In studies of political movements, there is one constant finding: the sway of extreme elements is always disproportionate to their numbers. They are more fanatical. Their rhetoric is more emotional. And they don’t hesitate to threaten or intimidate those who hold less radical views. When level heads fail to prevail, the outcome is often disastrous.
That was certainly the case in the events leading to the secession of Eastern Nigeria in 1967. The pogrom against Easterners in Northern Nigeria was the precipitating event. Yet, historians have noted that the horrors per se were not enough to make the Eastern populace want to exit Nigeria. The prevailing view was that the country was undergoing a horrific crisis but normalcy would be restored. The declaration of secession was propelled by those who opted for the most radical option, and that included those who were driven by political ambition.
The horror of the pogrom was real, as was the anger it generated. But it was the exploitation of the emotions through massive propaganda that generated popular support for secession.
Lt. Col. Emeka Odimegwu Ojukwu, the military governor of Eastern Nigeria, told the world that he declared secession after due consultation. But quite a few historians and other Biafran leaders take issue with that claim. Among them is Ntieyong U. Akpan, who headed the Biafran civil service. “[T]he majority of people in former Eastern Nigeria, including the Ibos, did not initially support secession, and would have rejected the whole idea if they had been freely and fairly consulted,” Akpan wrote in his memoirs, “The struggle for secession, 1966-1970.”
Of course, fair consultation in the context was hardly possible. Emotions ruled and empowered the radical stance. Alas, that history may be repeating itself.

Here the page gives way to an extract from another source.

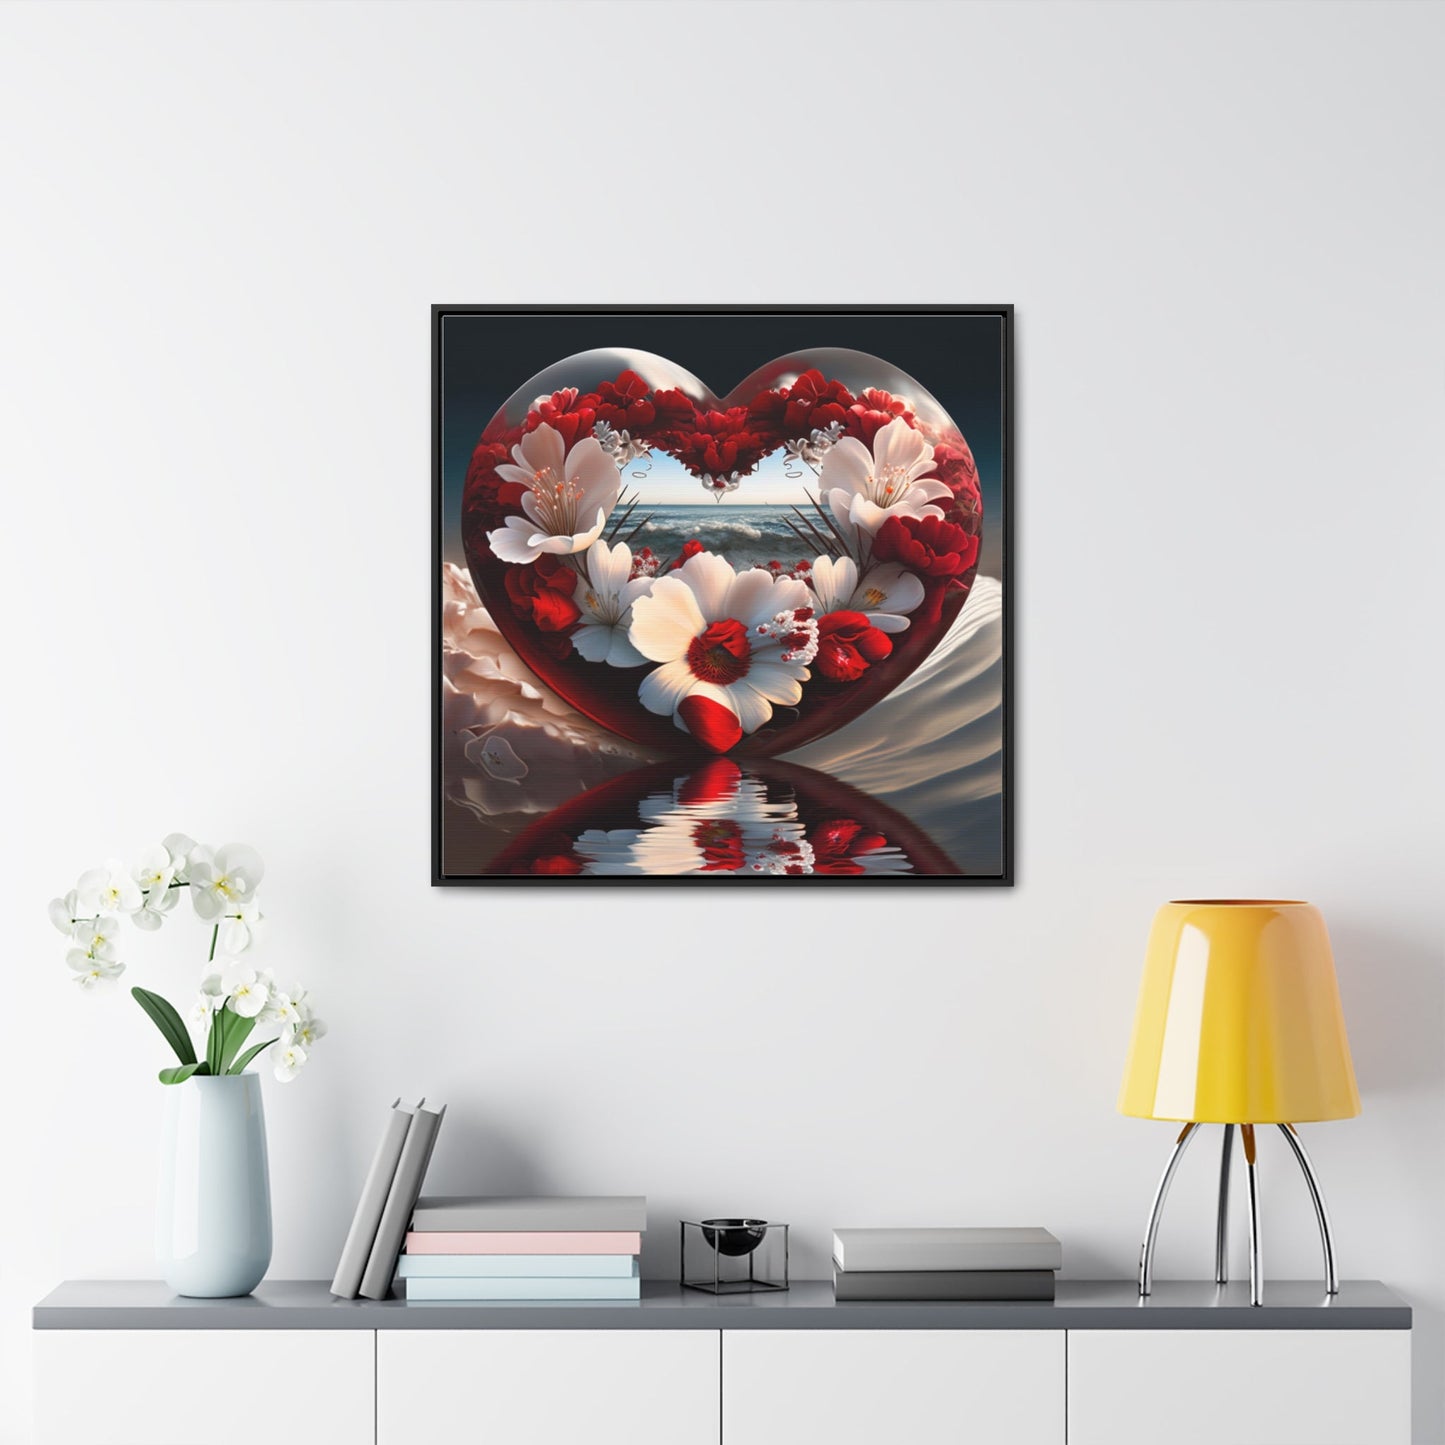 Heart Reflected On Ocean Waves Gallery Canvas Wraps, Square Frame-Shalav5

There is certainly an indication of that in the communique issued by a coalition of Igbo groups in response to the Arewa youths’ ultimatum that the Igbo should leave the North by Oct. 1. In the communique, the Eastern Consultative Assembly demands that the Igbo be allowed to leave Nigeria if the country is not restructured immediately. “Restructure Nigeria now or let us go,” the communiqué asserts.
Any student of group dynamics would readily discern that this statement is a compromise between radical and moderate wings of the assembly. If the pattern of such discussions held true, the radicals pushed for an independent Biafra while the moderates called for restructuring. With such polar positions, it is inevitable that a compromise would yield a demand for the improbable: Restructure now or let us go.
That the moderates acquiesced to the “now” demand is a demonstration of the sway of radical elements, a sway that will probably loom larger with time. Incidentally, the name Eastern Consultative Assembly was lifted from Ojukwu’s strategy book.
General Yakubu Gowon’s administration created 12 states out of four regions virtually overnight. But Nigeria is now a democracy, and in democracies, nothing happens overnight, not even the replacement of a broken street light. There are deliberations, negotiations, rejections and compromises, and these take a while to play out.
The Arewa youths that issued an ultimatum to the Igbo also seem bent on reprising the horror meted out to their 1966 counterparts. The only difference is that this time round they are humane enough to give a three-month grace period.
Northerners bore the brunt of the bloodshed of the January 1966 coup, which was led by Igbo officers. Yet the pogrom against the Igbo and other Easterners didn’t begin until several months later. It evidently wasn’t spontaneous mass hysteria. It was fermented by radicals — both civilian and military — who saw an opportunity to settle ethnic scores and advance political ambitions.
Despite the incitation, most Northerners were still horrified by the mass killings of people with whom they had lived peaceably for years. Had the masses in the North been as bloodthirsty as the radicals, few Igbo would have escaped. Quite the contrary, many Northerners provided shelter and facilitated Igbo escapes. Moreover, as General Joseph Garba recounted in his own memoirs, “‘Revolution’ in Nigeria: Another View,” the bloodshed would have been much worse had many Northern officers not risked their lives to quell it.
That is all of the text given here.